A new chapter is set to begin at a commercial anchor in Fairfield's downtown business district, as Fairfield University officials formally announced plans Wednesday to open a new bookstore this fall at the former site of Borders Books and Music.

The Fairfield University Bookstore at 1499 Post Road will be a general book retailer that also replaces the existing campus bookstore as the university's main source for textbooks. Scheduled to open in October, the store will sell general-interest books and Fairfield U. merchandise, plus apparel and other branded items for its Fairfield College Preparatory School as well as the town's two public high schools, Fairfield Ludlowe High School and Fairfield Warde High School.

University officials said they are also negotiating with an "internationally known" coffeehouse chain to open a 50-seat cafe at the new bookstore, and are in discussions to bring a computer retailer to the store.

Since Borders closed its Fairfield store in May, a victim of the national book retailer's bankruptcy filing, the ground floor of 1499 Post Road has been occupied by two interim tenants, Book Warehouse, a book discounter, and the Taj Cafe.

"It is our anticipation that by opening a Fairfield University bookstore downtown, we will bring the intellectual and cultural life of the university more fully into the heart of the greater Fairfield community," said the Rev. Jeffrey von Arx, the university president, at a press conference with the property owner and town officials.

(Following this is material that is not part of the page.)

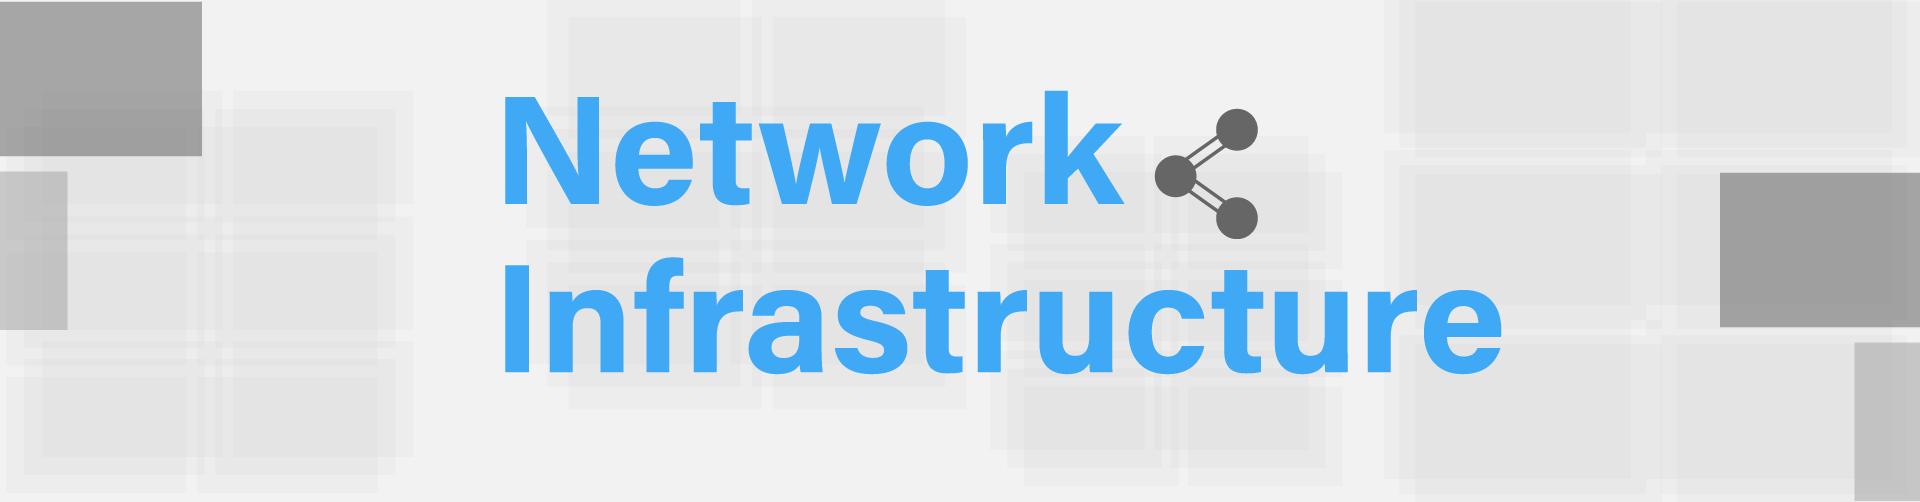 Network-Infrastructure1

The prospect of the new bookstore appeared to ease concerns that the vacant property could prove a drag on the general downtown economy.

The property at the busy corner of Post and Reef roads is regarded by town officials and local business leaders as one of the business district's "anchor" retail sites, dating to the days when the Fairfield Store, a family-owned department store did business there for 75 years. But the commercial climate downtown languished after the Fairfield Store closed in 1996, causing a series of smaller shops and businesses to fail until the property was rebuilt and Borders opened in 2001.

"I'm thrilled that in this economy that something like this, with the quality tenants that are coming in, is a statement to how well the local commercial community is doing in Fairfield," said interim First Selectman Michael Tetreau.

George Szondy, chairman of the Fairfield Chamber of Commerce, also had high hopes for the new bookstore.

"This latest venture will not only increase the university's visibility locally, it will also bring more business to all of our other downtown members," he said.

Signaling Fairfield University's intent to develop a long-term downtown presence, von Arx added that the new bookstore could also be a venue for lectures by scholars, readings by authors and other cultural events sponsored by the school.

"Bookstores, as we all know, are an endangered species," he said. "We need conversations with friends and encounters with ideas that only a good bookstore and a good cup of coffee can facilitate."

The university will lease approximately 23,000 square feet for the store from Kleban Holding Co. LLC, whose principal is Al Kleban, founder of the Fairfield-based commercial real estate firm, Kleban Properties. The Kleban family also owns several other key Fairfield Center properties, such as the Brick Walk retail/office complex farther east on the Post Road.

"This opportunity is going to inject into Fairfield Center an intellectually stimulating and exciting component," Al Kleban said. "This event is probably one of the most important happenings that this town has ever experienced."

The new bookstore will occupy about 12,000 square feet on the ground floor, 3,200 square feet in the basement and about 7,500 square feet on the second floor of 1499 Post Road. Remaining space on the second floor will be leased for office use, Kleban Properties head and Al Kleban's son, Ken, told the Fairfield Citizen.

Like the school's existing bookstore on campus, the new retail outlet will be operated by Follett Higher Education Group, which manages more than 900 college and university bookstores across North America. After the downtown store opens, the university will retain a smaller on-campus retail outlet selling school merchandise and possibly a small convenience store.

The new downtown store will be modeled on other university bookstores in town centers, such as the Hammes Bookstore and Cafe in South Bend, Ind., near the campus of the University of Notre Dame, said Mark Reed, Fairfield University's vice president for administration and student affairs.

While the downtown store is about a mile from the Fairfield U. campus on North Benson Road, Reed told the Fairfield Citizen he feels it will be easily accessible to students.

"We have shuttles that run between the campus and the downtown," he said. "We're confident that the students will find their way there."

Former First Selectman, Kenneth Flatto, now the executive director of the state Division of Special Revenue, told the Fairfield Citizen in a phone interview Wednesday that he also supports the leasing of the property by the university's bookstore.

"This is going to be a first-rate enterprise that will be a cornerstone for Fairfield Center," he said. "This is a key property that I hoped would remain a community gathering place, so I think the concept is great."

Flatto, who left office in May, added that he held meetings with Al and Ken Kleban and university officials in April shortly before he stepped down to try to facilitate the university bookstore's move to Fairfield Center.